- [EXERCISE REQUIREMENTS] Look through the data below for the line with "Mothers Day Gift Certificates" and the line with "News and Specials Brian Biesman MD", then transcribe exactly from the first through the second, leaving out all pictures.

- [WORKING DATA]
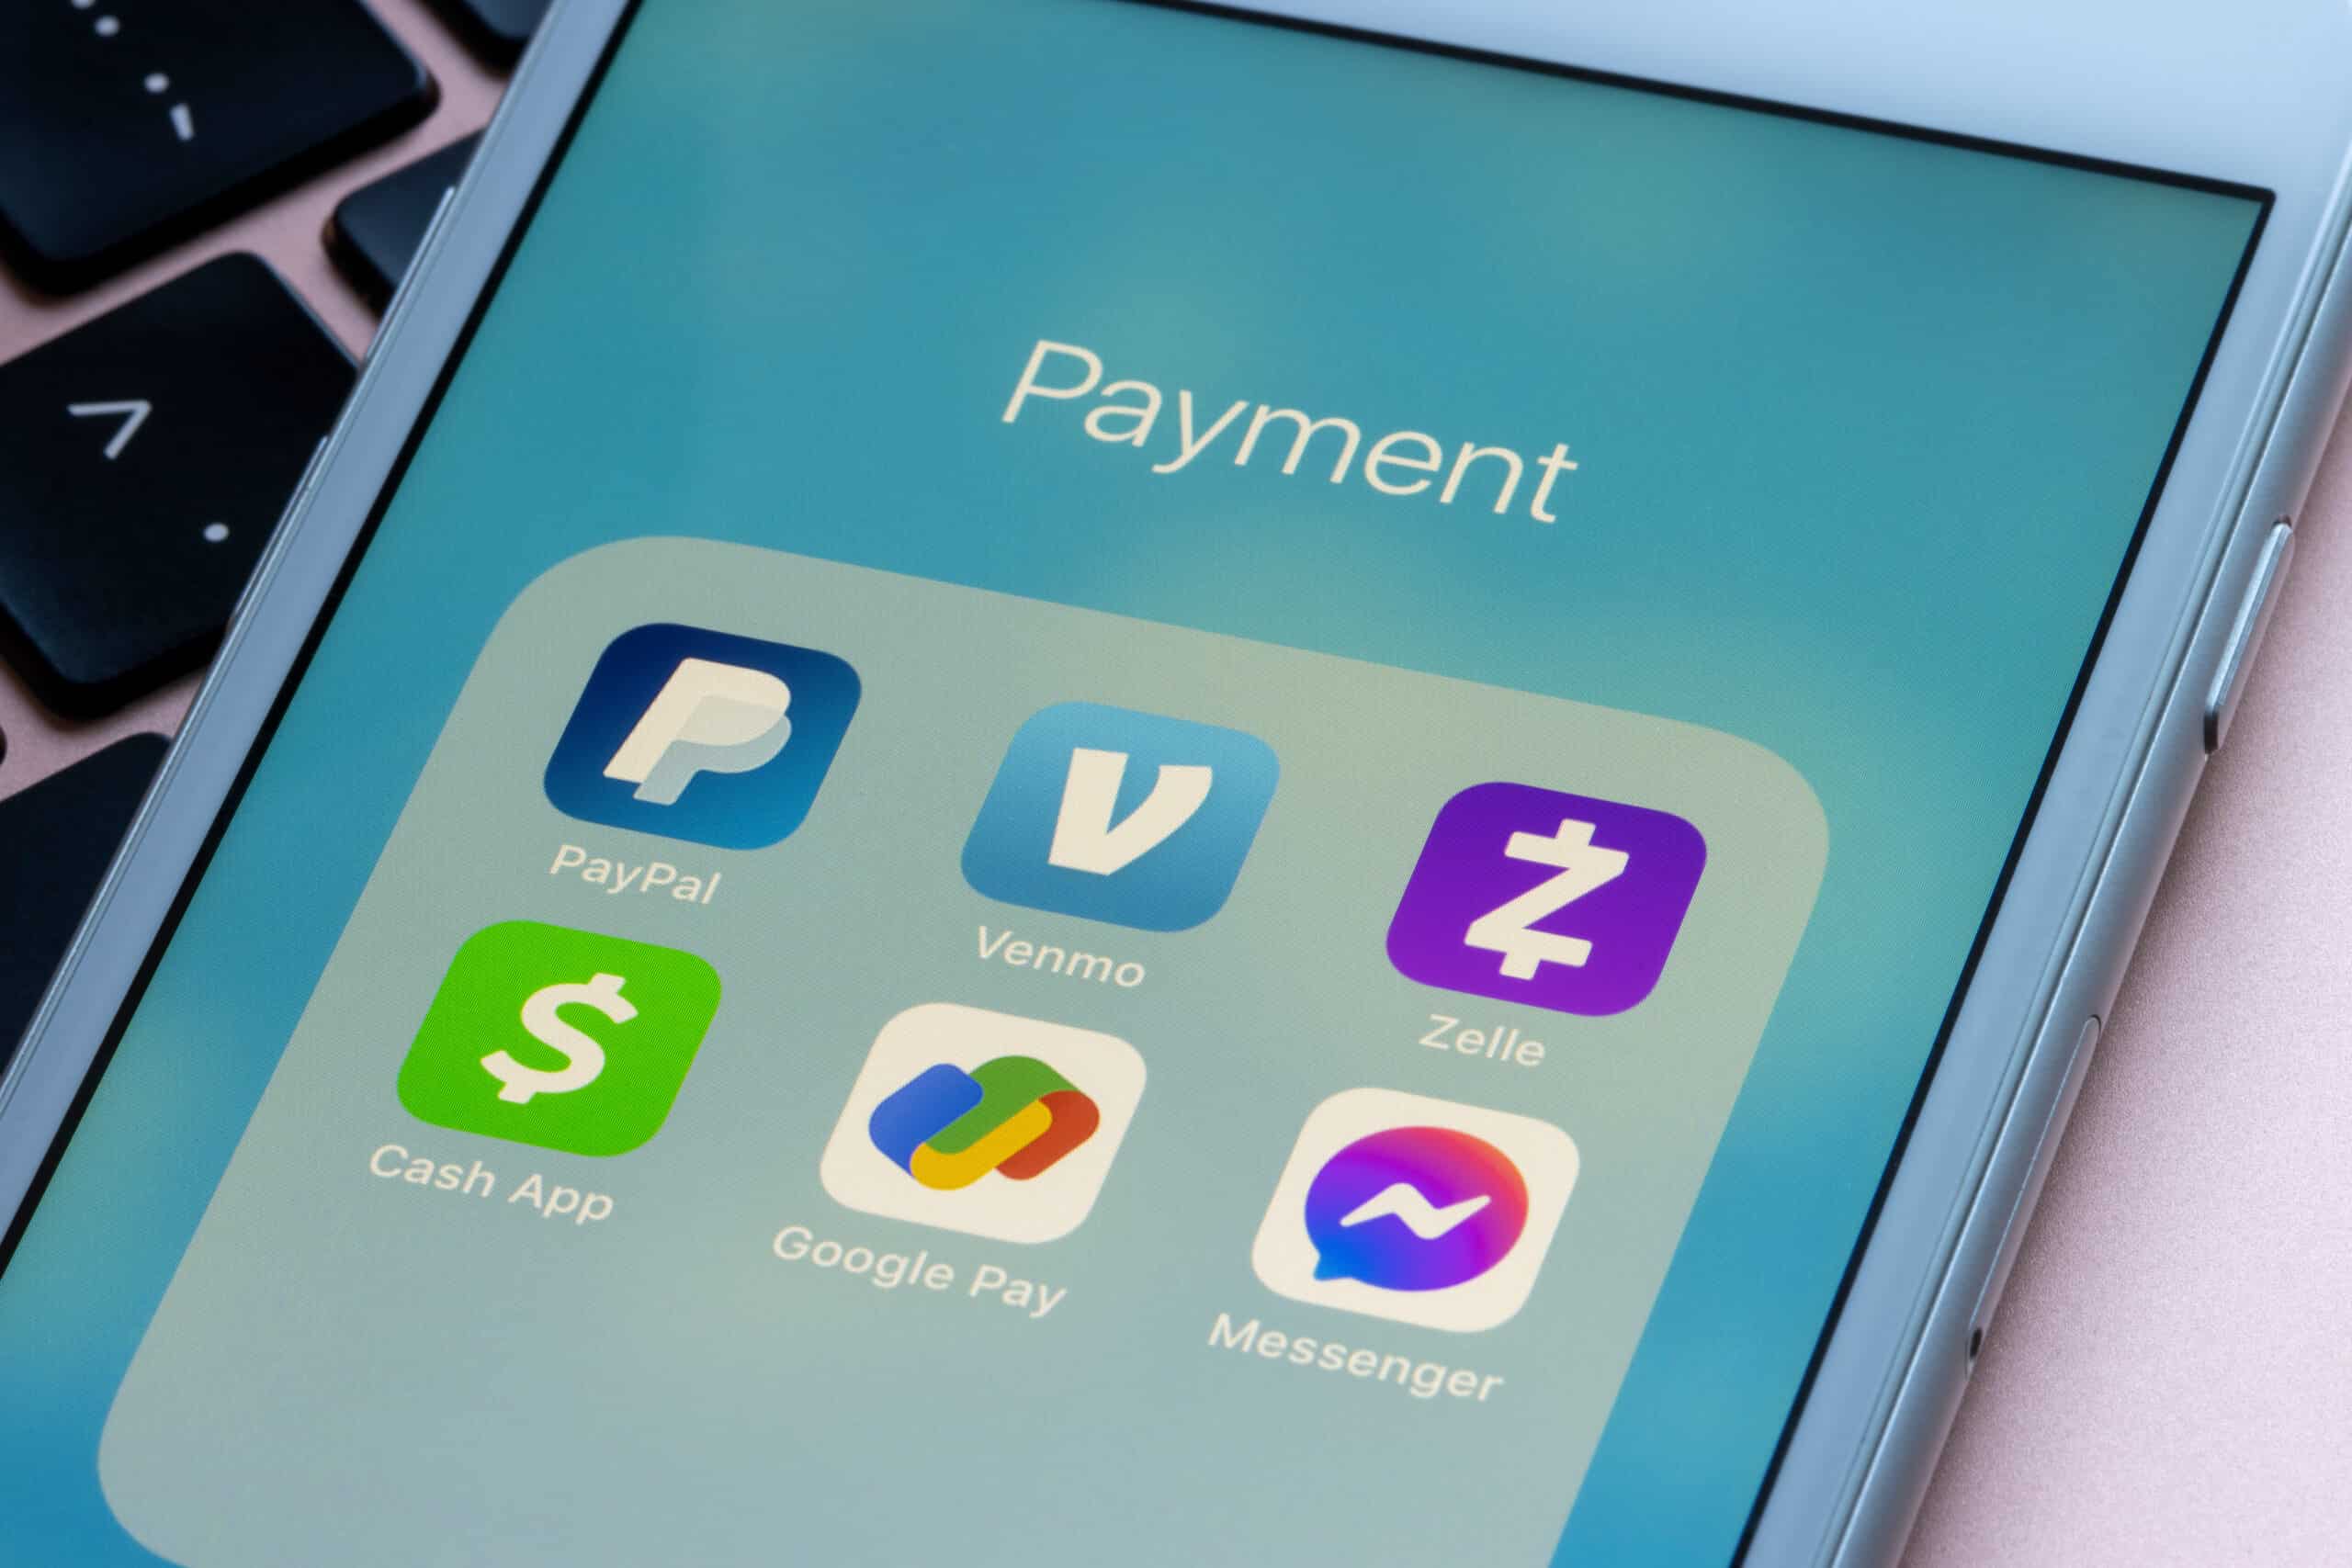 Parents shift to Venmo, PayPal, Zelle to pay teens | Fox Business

...

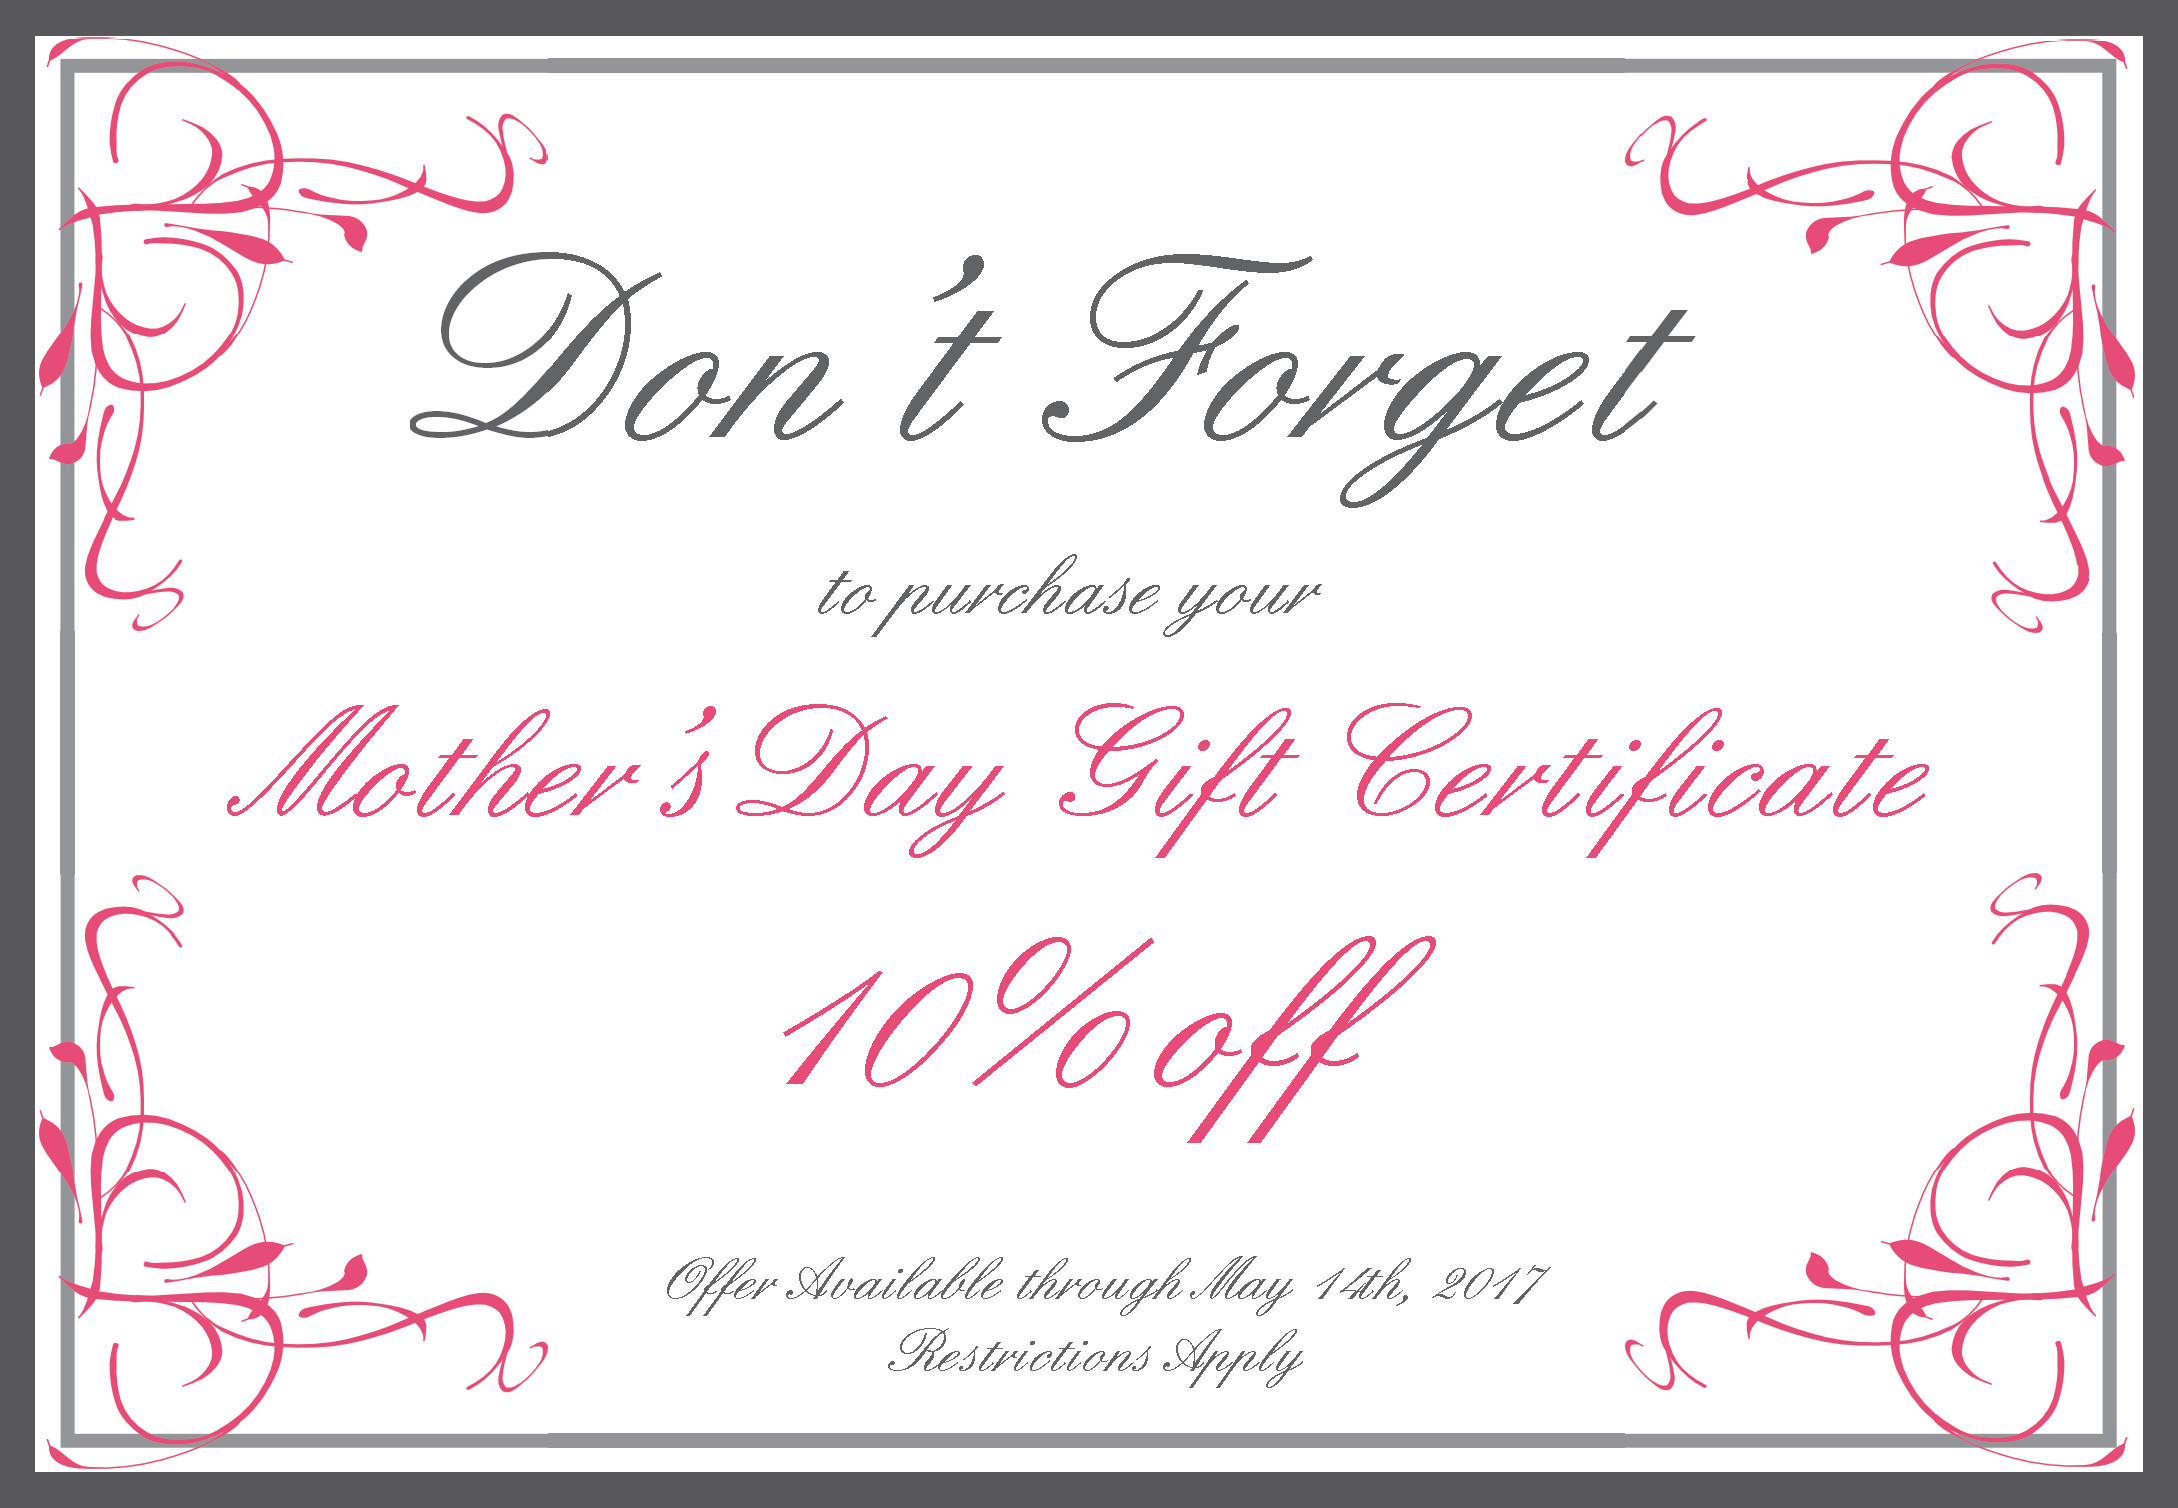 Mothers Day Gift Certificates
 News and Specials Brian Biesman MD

- [TASK RESPONSE]
 Mothers Day Gift Certificates
 News and Specials Brian Biesman MD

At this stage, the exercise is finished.